From: Dan Williams <dan.j.williams@intel.com>
To: Neil Brown <neilb@suse.de>
Cc: linux-raid@vger.kernel.org, babydr@baby-dragons.com
Subject: Re: [PATCH -mm 0/4] raid5: stripe_queue (+20% to +90% write performance)
Date: Tue, 09 Oct 2007 15:56:04 -0700 [thread overview]
Message-ID: <1191970564.26101.134.camel@dwillia2-linux.ch.intel.com> (raw)
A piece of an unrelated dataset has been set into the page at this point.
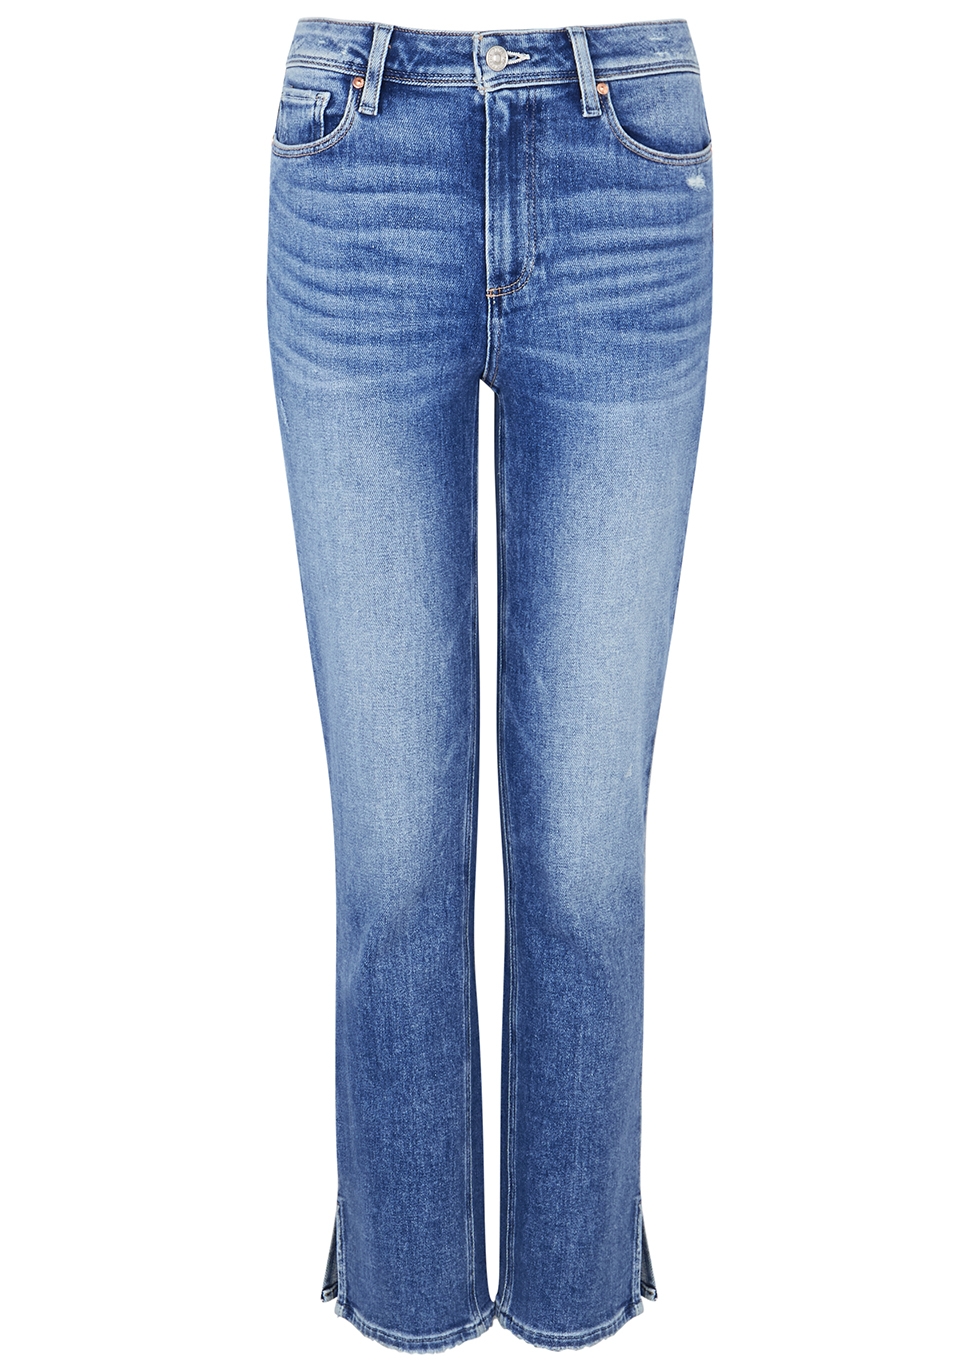 Brigitte Transcend blue slim boyfriend jeans

In-Reply-To: <18187.7639.638245.949157@notabene.brown>
On Mon, 2007-10-08 at 23:21 -0700, Neil Brown wrote:
> On Saturday October 6, dan.j.williams@intel.com wrote:
> > Neil,
> >
> > Here is the latest spin of the 'stripe_queue' implementation.
> Thanks to
> > raid6+bitmap testing done by Mr. James W. Laferriere there have been
> > several cleanups and fixes since the last release. Also, the
> changes
> > are now spread over 4 patches to isolate one conceptual change per
> > patch. The most significant cleanup is removing the stripe_head
> back
> > pointer from stripe_queue. This effectively makes the queuing layer
> > independent from the caching layer.
>
> Thanks Dan, and sorry that it has taken such a time for me to take a
> serious look at this.
Not a problem, I've actually only recently had some cycles to look at
these patches again myself.
> The results seem impressive. I'll try to do some testing myself, but
> firstly: some questions.
> 1/ Can you explain why this improves the performance more than simply
> doubling the size of the stripe cache?
Before I answer here are some quick numbers to quantify the difference
versus simply doubling the size of the stripe cache:
Test Configuration:
mdadm --create /dev/md0 /dev/sd[bcdefghi] -n 8 -l 5 --assume-clean
for i in `seq 1 5`; do dd if=/dev/zero of=/dev/md0 bs=1024k count=2048; done
Average rate taken for 2.6.23-rc9 (1), 2.6.23-rc9 with stripe_cache_size
= 512 (2), 2.6.23-rc9+stripe_queue (3), 2.6.23-rc9+stripe_queue with
stripe_cache_size = 512 (4).
(1): 181MB/s
(2): 252MB/s (+41%)
(3): 330MB/s (+82%)
(4): 352MB/s (+94%)
> The core of what it is doing seems to be to give priority to writing
> full stripes. We already do that by delaying incomplete stripes.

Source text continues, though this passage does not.